So since reactionaries here have no authentic tradition to fall back upon, they have nothing to help them to get it right at least some of the time.) We don't need to be in favor of secularism, since reality is secular.
Given that Europe managed to come up with some remarkably nasty reactionaries appealing to 'authenticity' and 'tradition', based on the notion of a 'real' 'organic' society, as opposed to the constructs of modernity, I'm not sure this is a good argument. You should do some reading on proto-fascism. Fritz Stern's Politics of Cultural Despair is a classic. But the literature is enormous.
On France and it's 'Christian rooted' secular values - ?! Actually based on a hatred of Catholicism.
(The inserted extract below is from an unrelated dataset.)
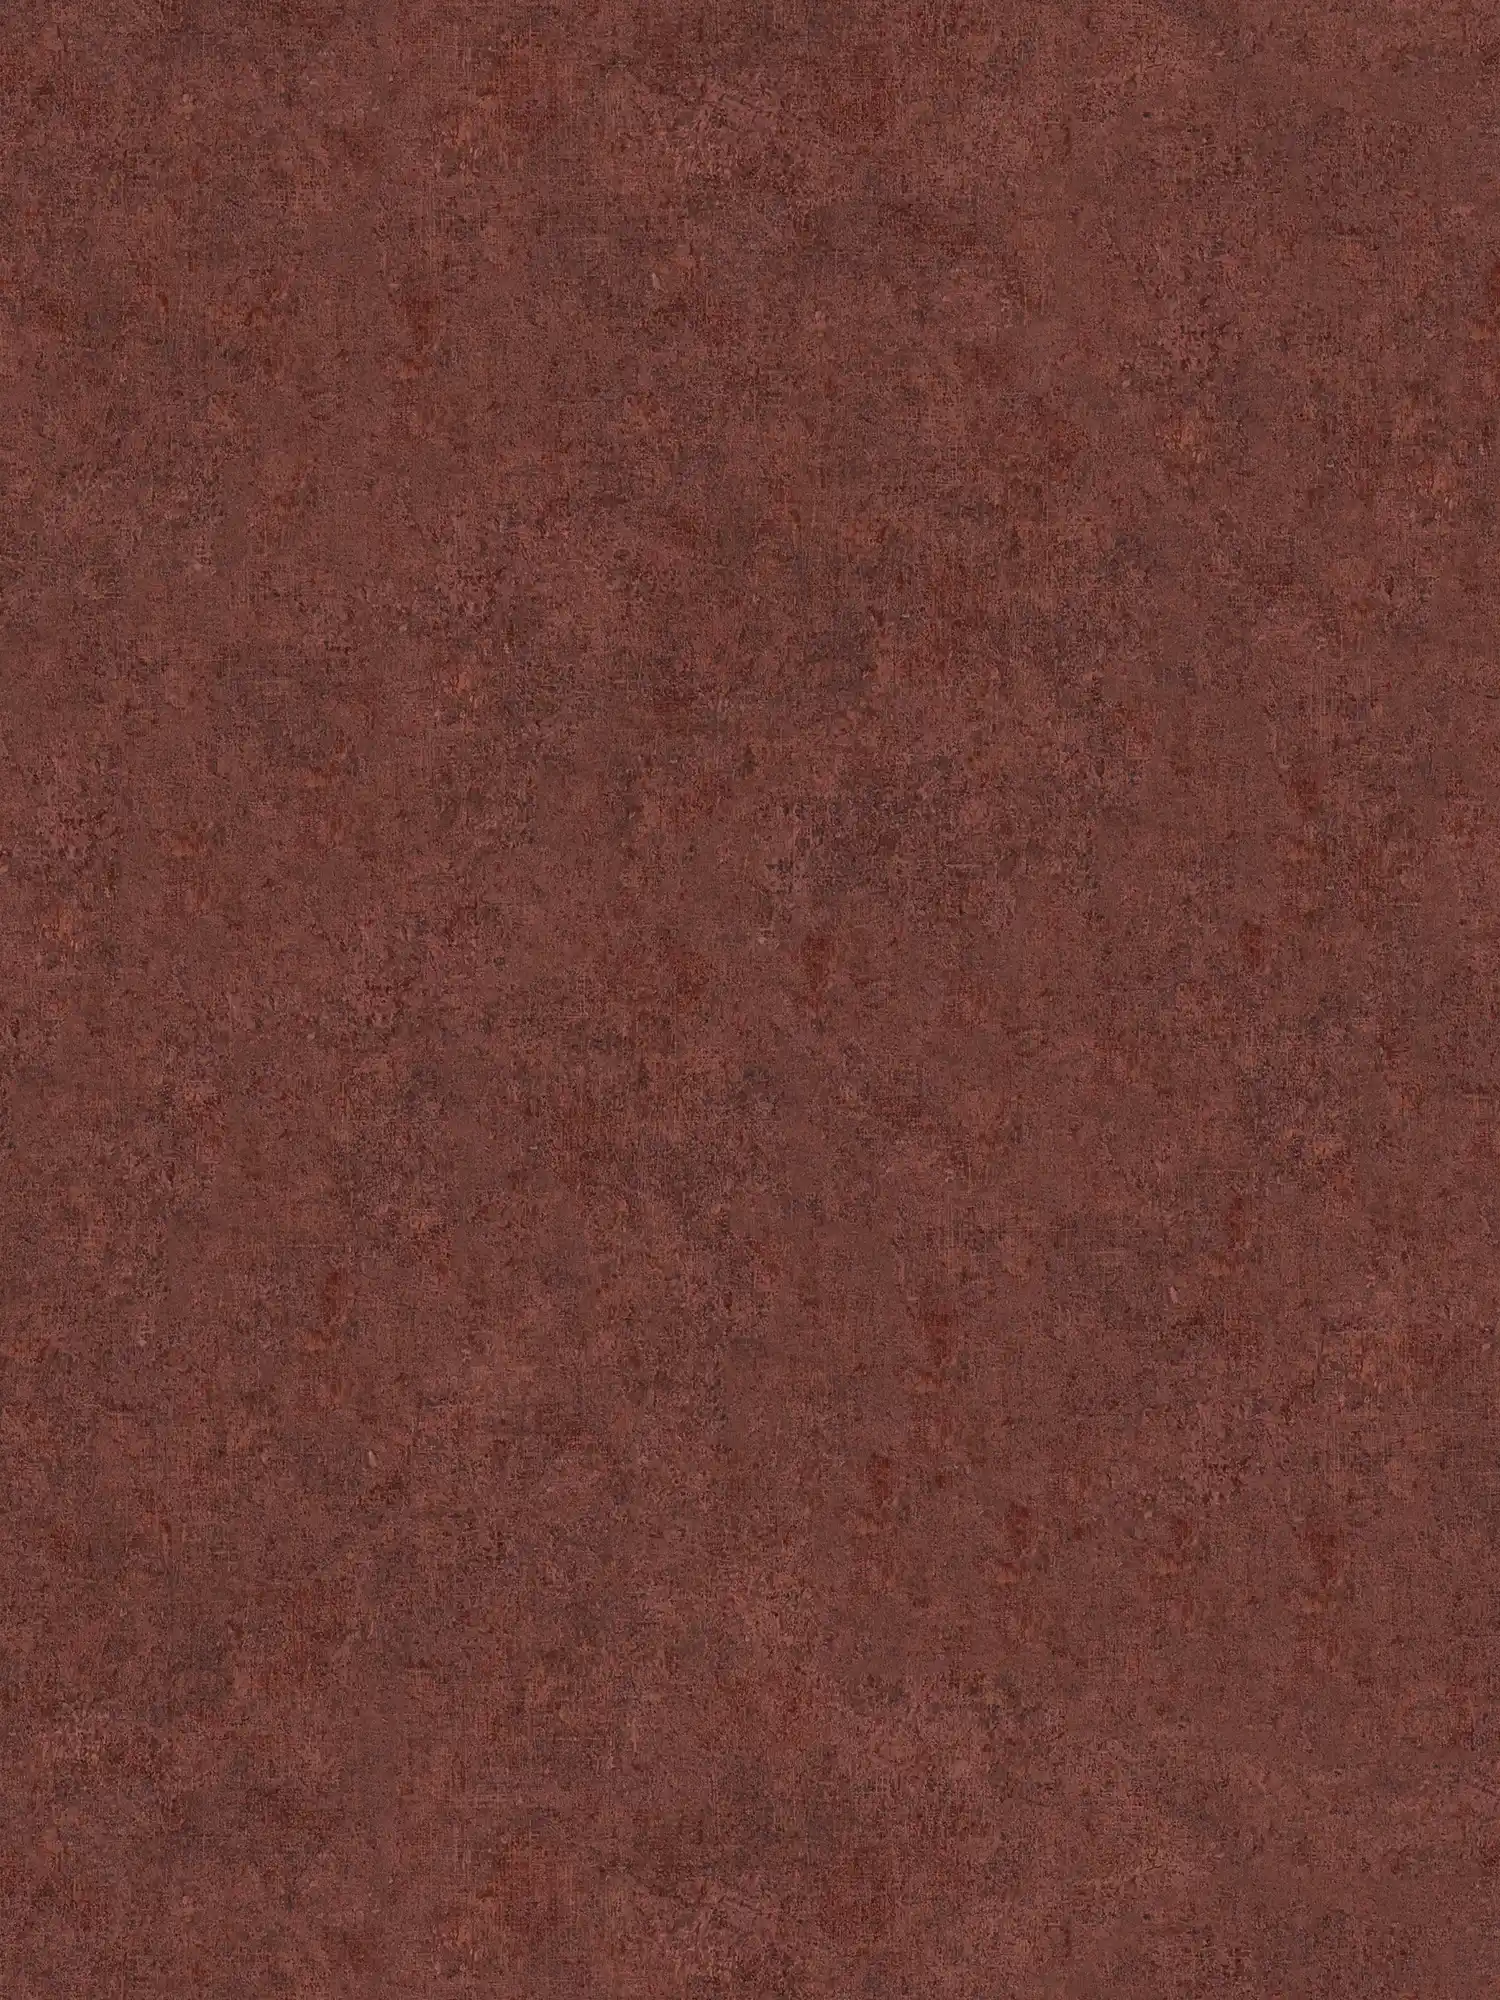 Non-woven wallpaper plains with colour pattern & vintage look - red

Germany's anti-abortion stuff is simply the product of the dominant part[ies] being predominantly by Catholic - and the direct successor to a explicitly Catholic part[ies].
You say that France's identity is ideological exactly in the same way that America's is, with France's 1300 year history being of no consequence. I wonder how many French people would agree with you.
The argument I was making derives from Louis Hartz's The liberal tradition in America: an interpretation of American political thought since the revolution, a canonical work of American liberalism. Hartz's argument (which I think is irrefutable) is that since the American revolution was based on liberal ideas, and since the American revolution is constitutive of America, there can be no such thing as an authentic American conservatism. (Needless to say, there can be such things as authentic German or French conservatisms, since those societies predate the very idea of liberalism.)
With respect to your second comment about Europe having nasty reactionaries appealing to authenticity, I would say that that is irrelevant, since today it is the anglophone countries that show signs of fascism, not European ones (backward countries like Poland and Latvia being excepted, of course). (Germany had only a couple of decades in which it was involved in conquest of foreign lands, whereas Britain's imperial career, based on military might, spans centuries. So America's current belligirence simply falls into the anglophone pattern.)
So the French hate Catholocism? I am not sure it so simple. The philosophes hated Catholocism I suppose, but they didn't turn the French into Protestants, did they?
As for the anti-abortion stuff: thanks for the point that it is due to Catholicism. That makes sense. If you look at the history of anti-abortionism in the US, you will find that this "movement" originated with Catholics. The evangelicals simply picked it up because they thought it was a good rallying cry. A bomb, H bomb, Minuteman / The names get more attractive / The decisions are made by NATO / The press call it British opinion -- The Three Johns
What self-deluding French reactionaries might think is irrelevant. France circa 1100 AD, or 1700 for that matter, is meaningless. Or no more meaningful than various European pasts are to America in the sense that any given period came out of what preceded it, and given that America is largely a Western culture it is a product of these pasts. Any appeal to 'tradition' by conservatives is about the present, the 'traditions' which are being invoked are at best arbitrarily chosen and reinterpreted for the present, at worst made up of whole cloth. To the extent that conservatism is authentic it is seeking to preserve the existing or to return to a recent past. Even the latter isn't quite that simple - nostalgia for the nineteen fifties is already in part a nostalgia for a specific contemporary re-imagining of the fifties. When you go back centuries seeing anything authentically 'traditional' about those 'traditions' is ridiculous.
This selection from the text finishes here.